I was a little bit startled when I read a tweet by my hon. Friend the Member for Lewes (Maria Caulfield) in which she, first, described the amendments as “Shameful”, which is of course a matter of her opinion, and secondly, went on to say that I had no interest in Northern Ireland. All I can say is that, having been in the House for 22 years, I have acted as a spokesman on Northern Ireland matters when we were in opposition; I served for six years, I think, on the British-Irish Inter-Parliamentary Body; I was chair of the Conservative Back-Bench committee on Northern Ireland in my early years in the House; I participate actively in the British-Irish Association annual conference; and I try to make myself as frequent a visitor to Northern Ireland as I can, sometimes to give talks and lectures, or, indeed, to visit people, and on a number of occasions I have been there on holiday. Whatever my views may be and however much my hon. Friend may think that they are erroneous, I can absolutely assure her that I have Northern Ireland at heart. I am a Unionist and it matters to me very much indeed.

The position on the amendments is fairly straightforward. There is provision in the Bill for a report to be made to the House on how progress is being made on setting up the Executive. I greatly welcome this measure. I apologise to my hon. Friend for the fact that I was not able to be present for the debate yesterday, but it was a debate on a principle that I entirely supported. However, the measure on the report does not go far enough. Quite apart from anything else, we are at the eleventh hour when it comes to the possibility of setting up an Executive, which I believe is massively desirable for the interests of the people of Northern Ireland. It therefore seems to me to be extremely desirable for Members to provide some further impetus and scrutiny for that process, which is why I chose in amendments 14, 15, 16 and 17, along with my right hon. and hon. Friends who support the amendments, to try to move and accelerate the process forward.

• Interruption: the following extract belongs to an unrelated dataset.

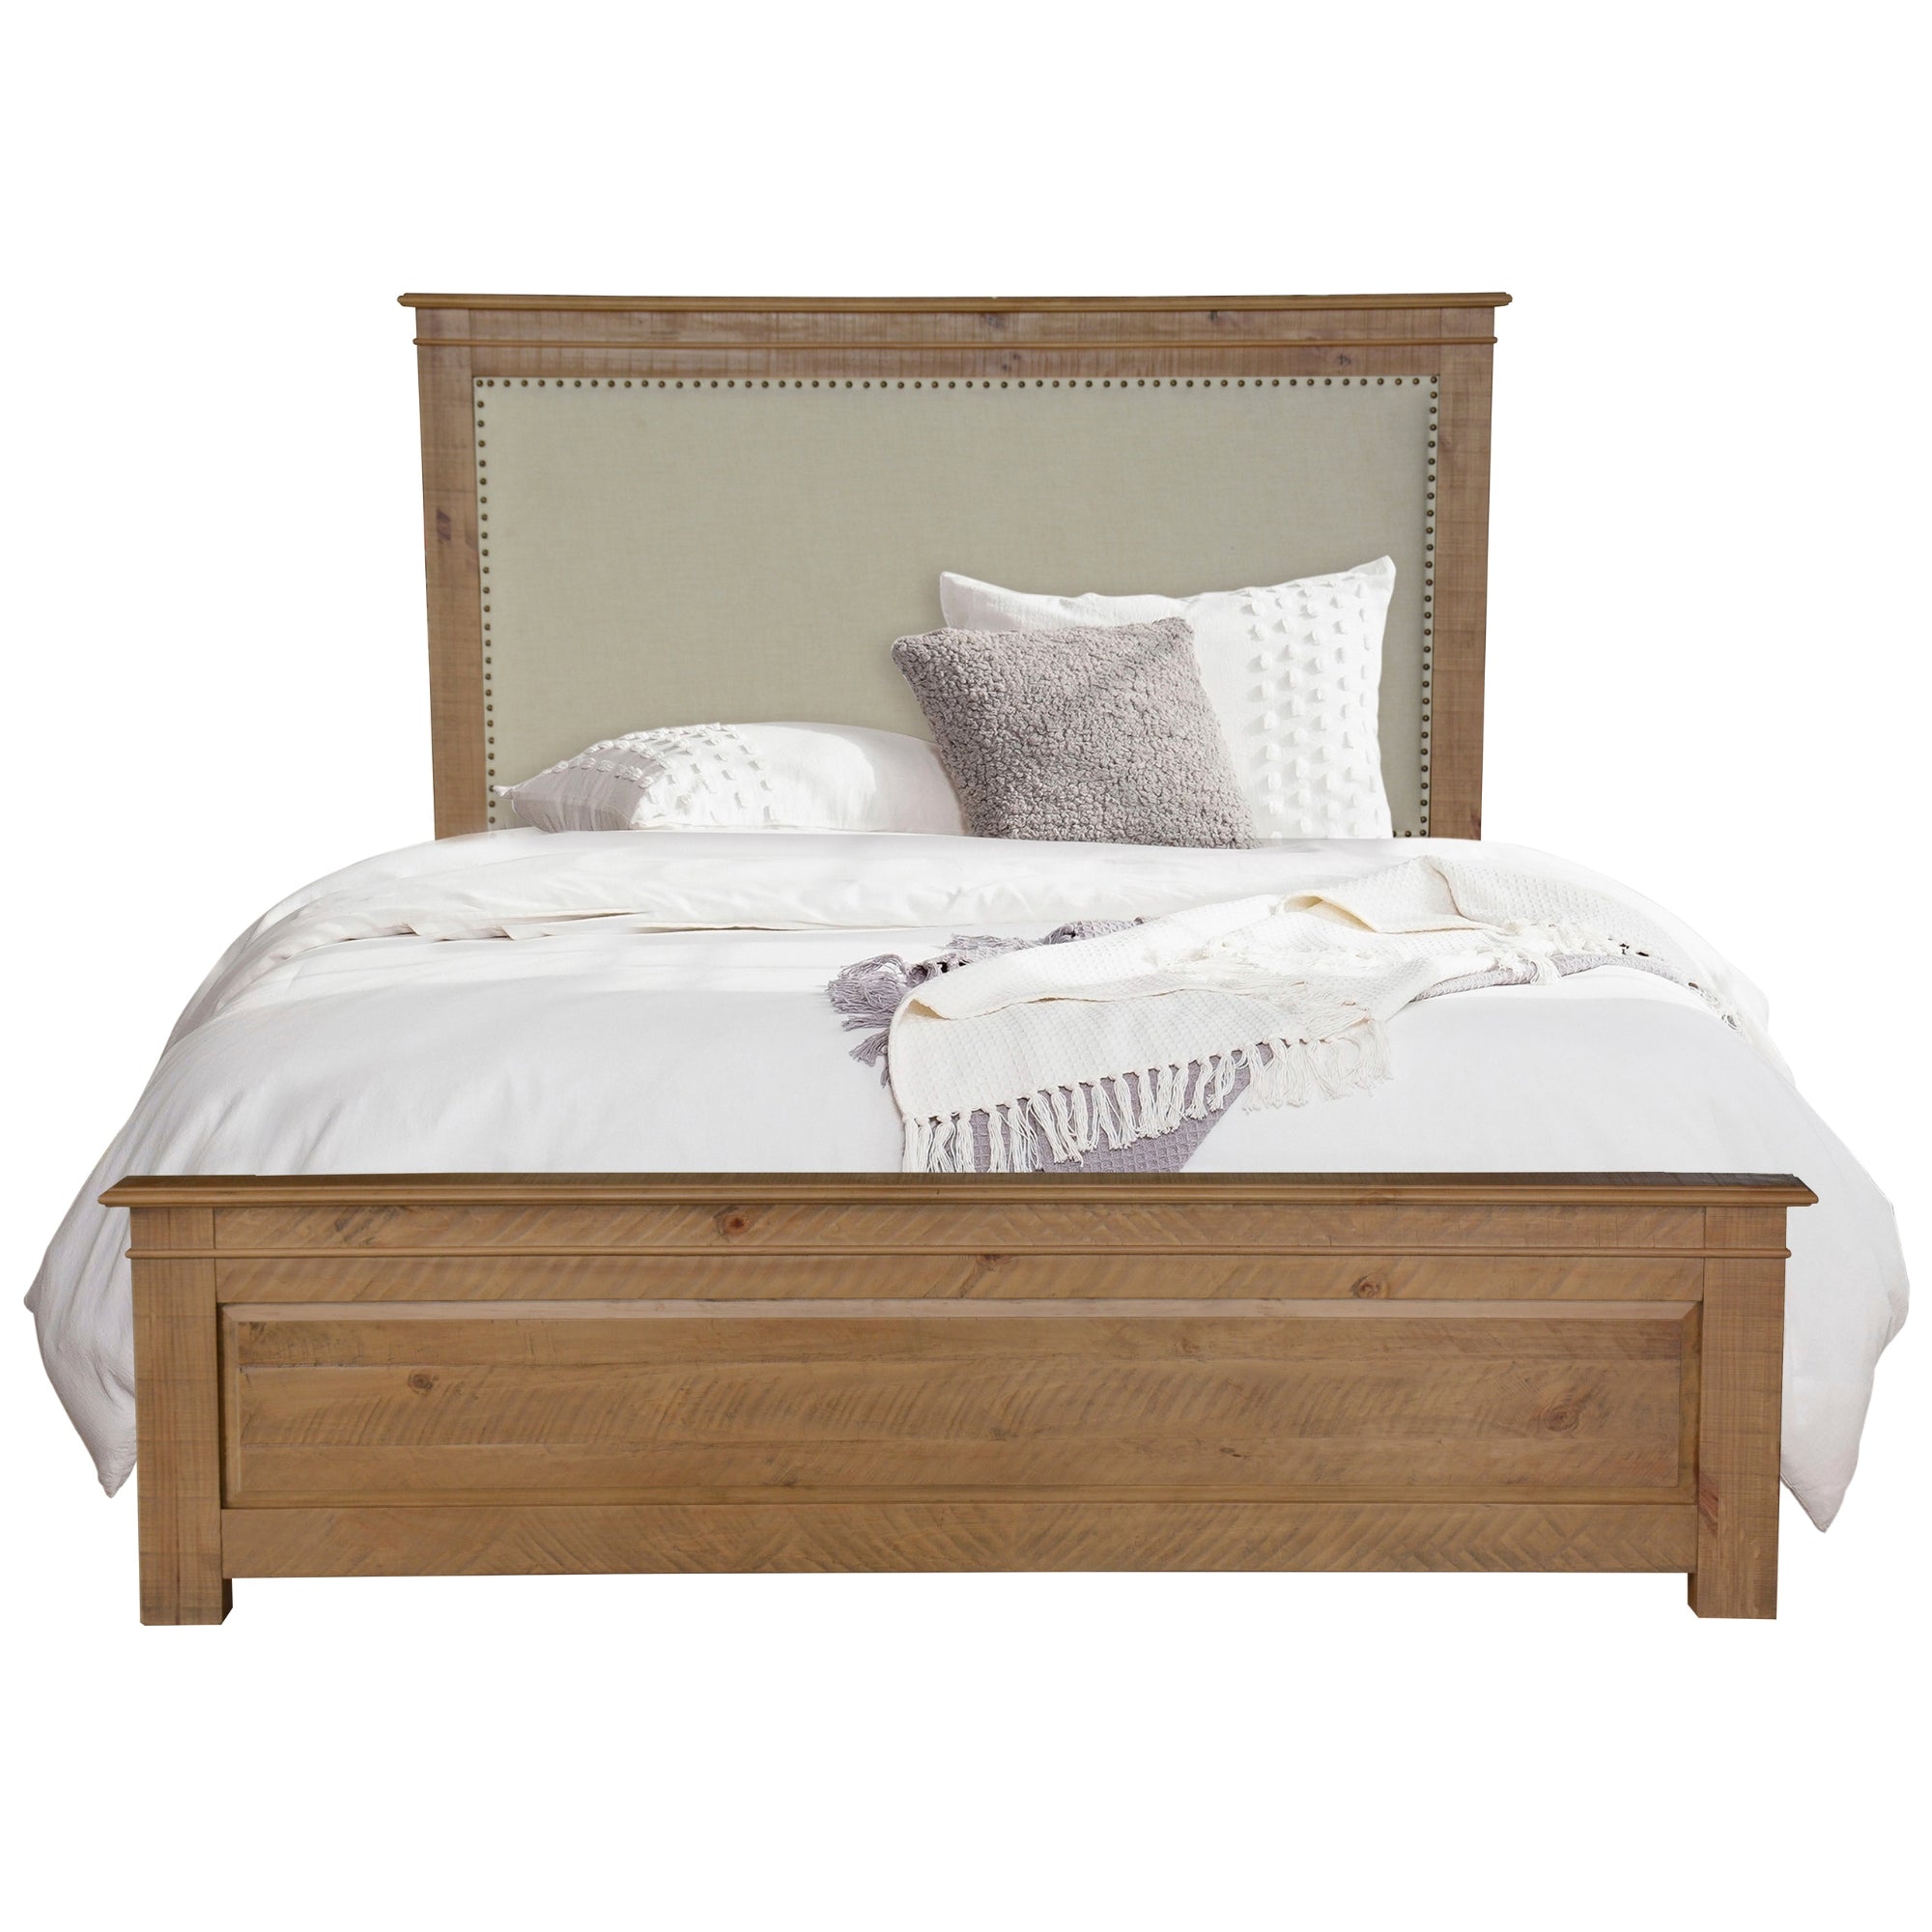 Rustic Solid Pine 4pc Queen Bedroom Suite with Storage
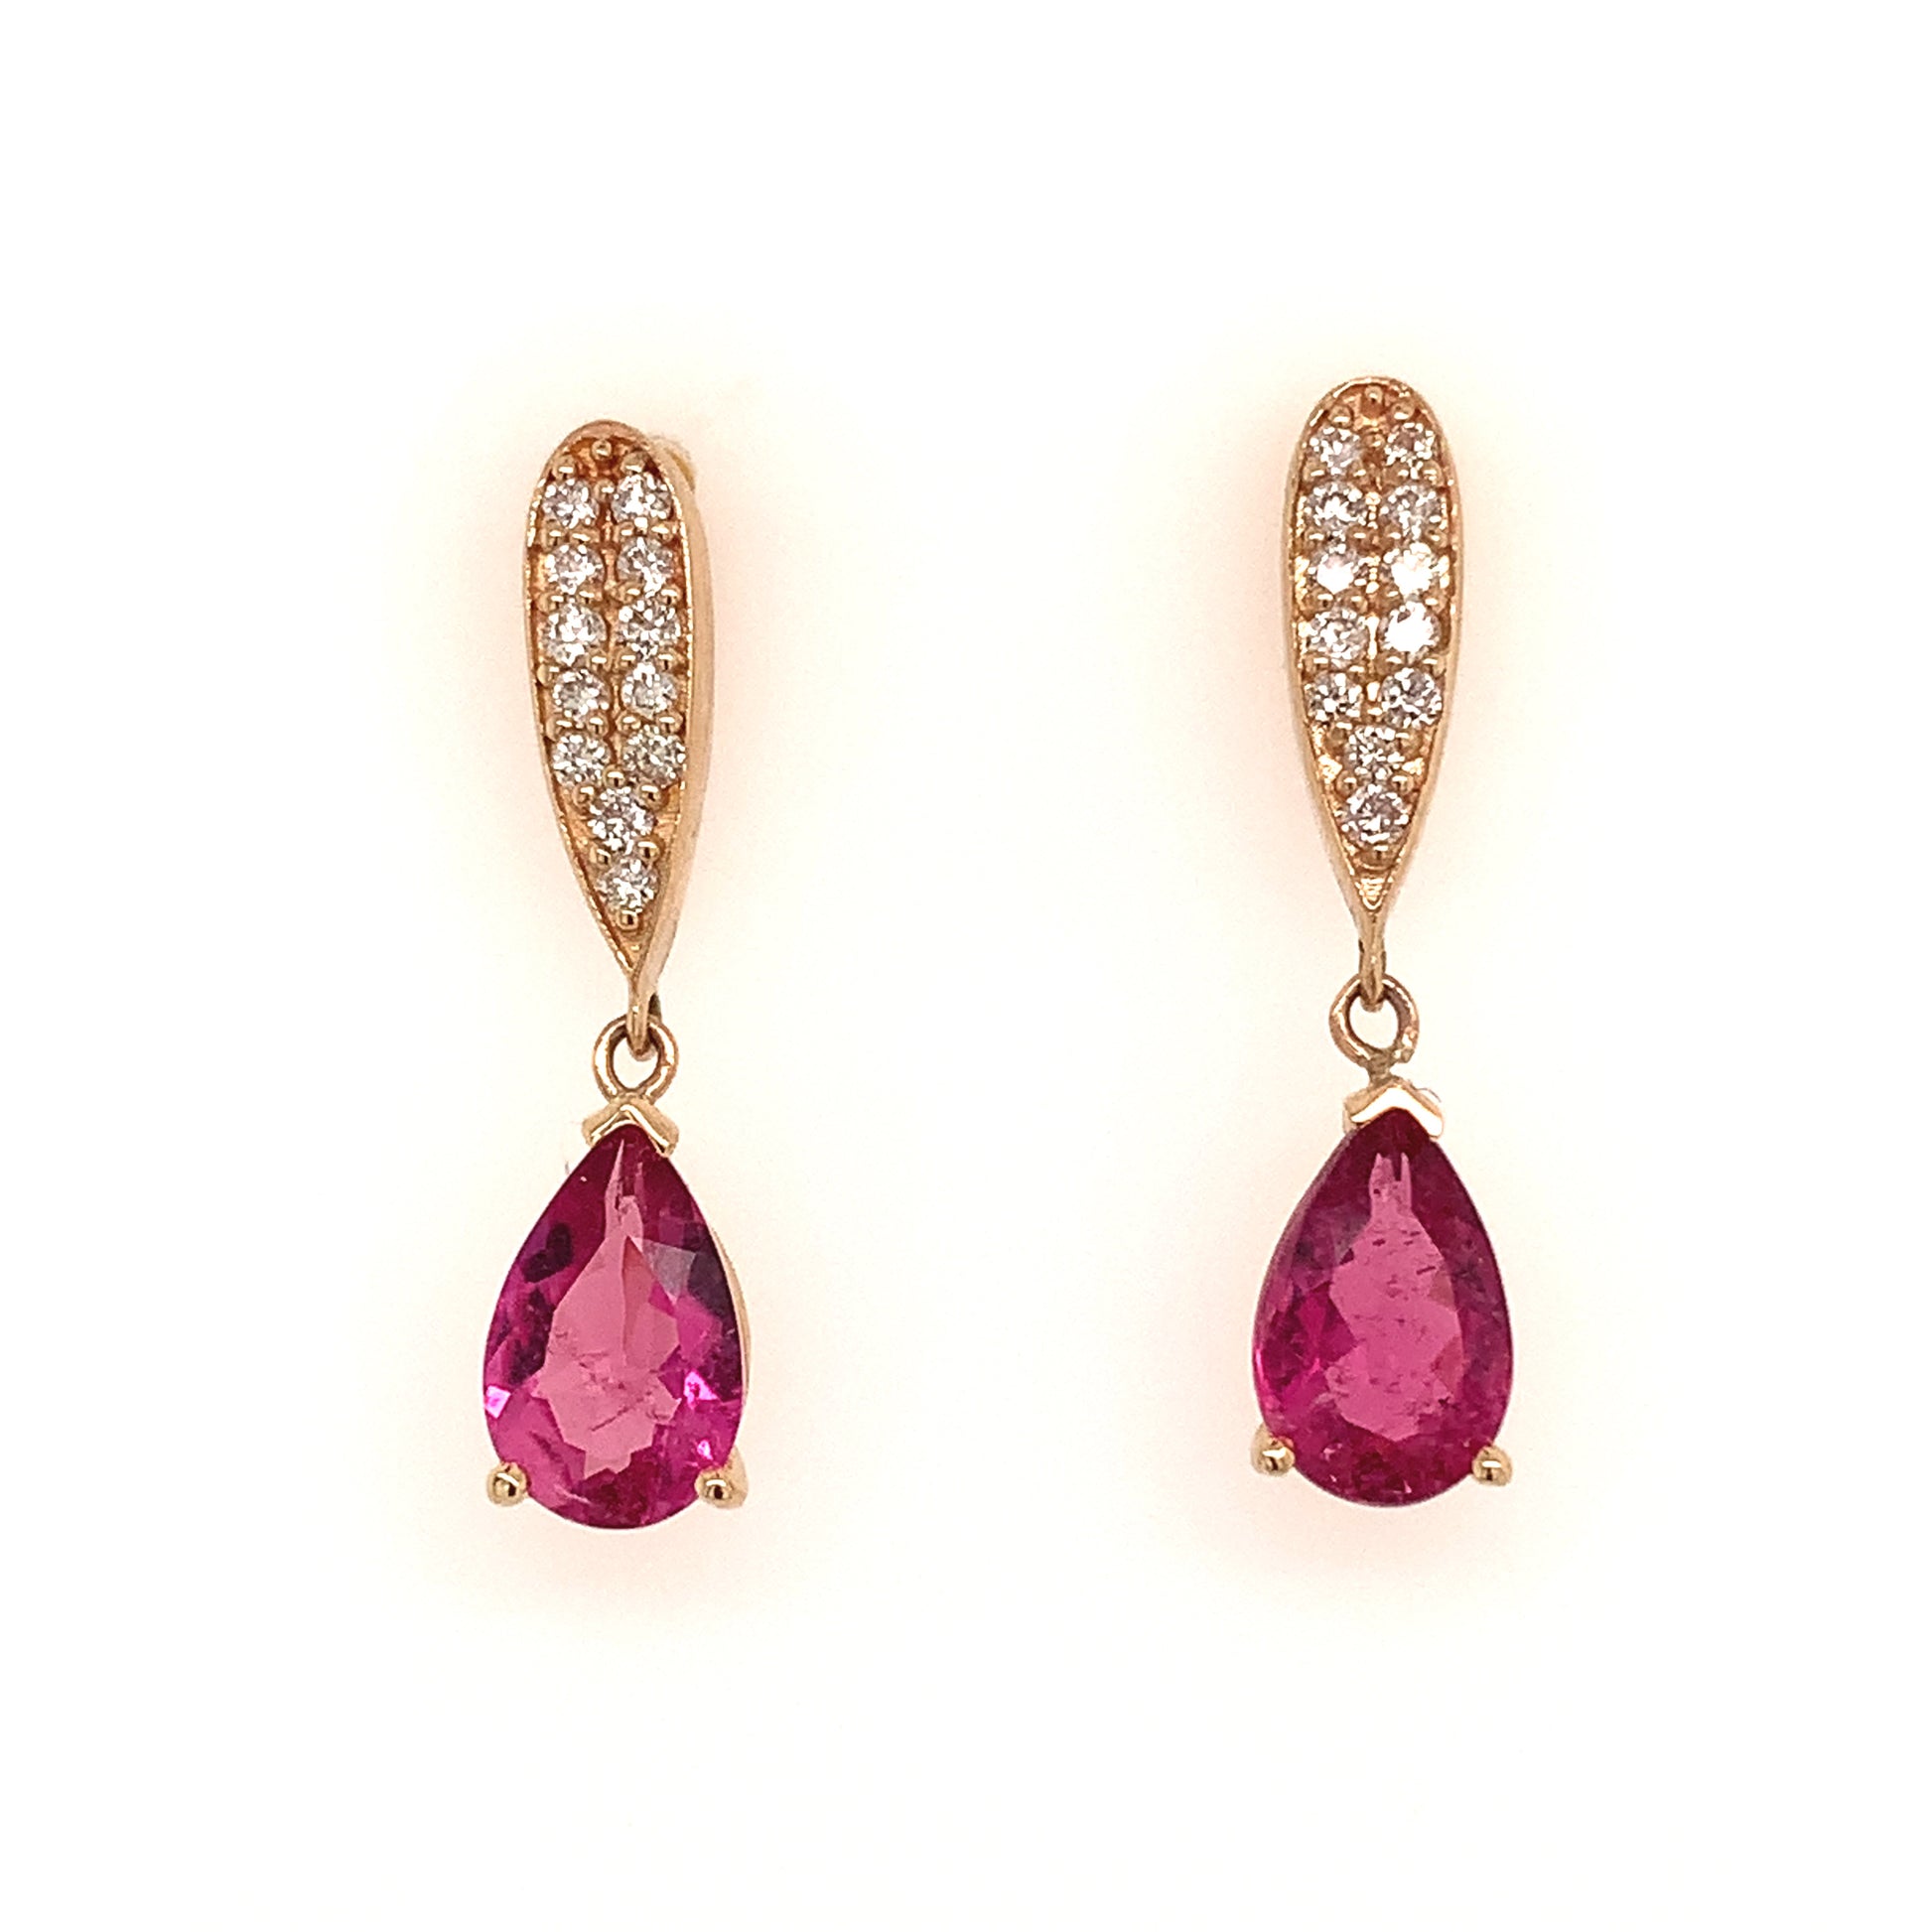 Natural Tourmaline Rubellite Diamond Earrings 14k Gold 1.60 TCW Certified $3,090 018673 - Certified Fine Jewelry

For example, amendment 14 would mean that, rather than the report coming back on 21 October, it would come back on 4 September. In addition, I chose to try to make provision for the close monitoring of the process thereafter by the House, by ensuring with amendment 15 that the Secretary of State would make

“a further report under subsection 1 on or before 9 October 2019”,

which is when we come back from the conference recess, and

“at least every fourteen calendar days thereafter until either an Executive is formed or until 18 December 2019, whichever is the sooner.”

Amendment 16 is consequential to that.

Amendment 17 would provide that, in addition to what I have outlined, and so that the House may have an opportunity to indicate how it feels the direction of travel should go and to encourage the Government in their endeavours, there are opportunities within

“two sitting days beginning with the day on which a report under this section is published”

for

“a motion to the effect that the House of Commons has approved that report to be moved”.

There is a similar provision for the House of Lords, which their lordships will of course wish to consider in due course. I believe the amendments provide a sensible package that can help to facilitate the setting up of a Northern Ireland Executive, which I dearly want to see.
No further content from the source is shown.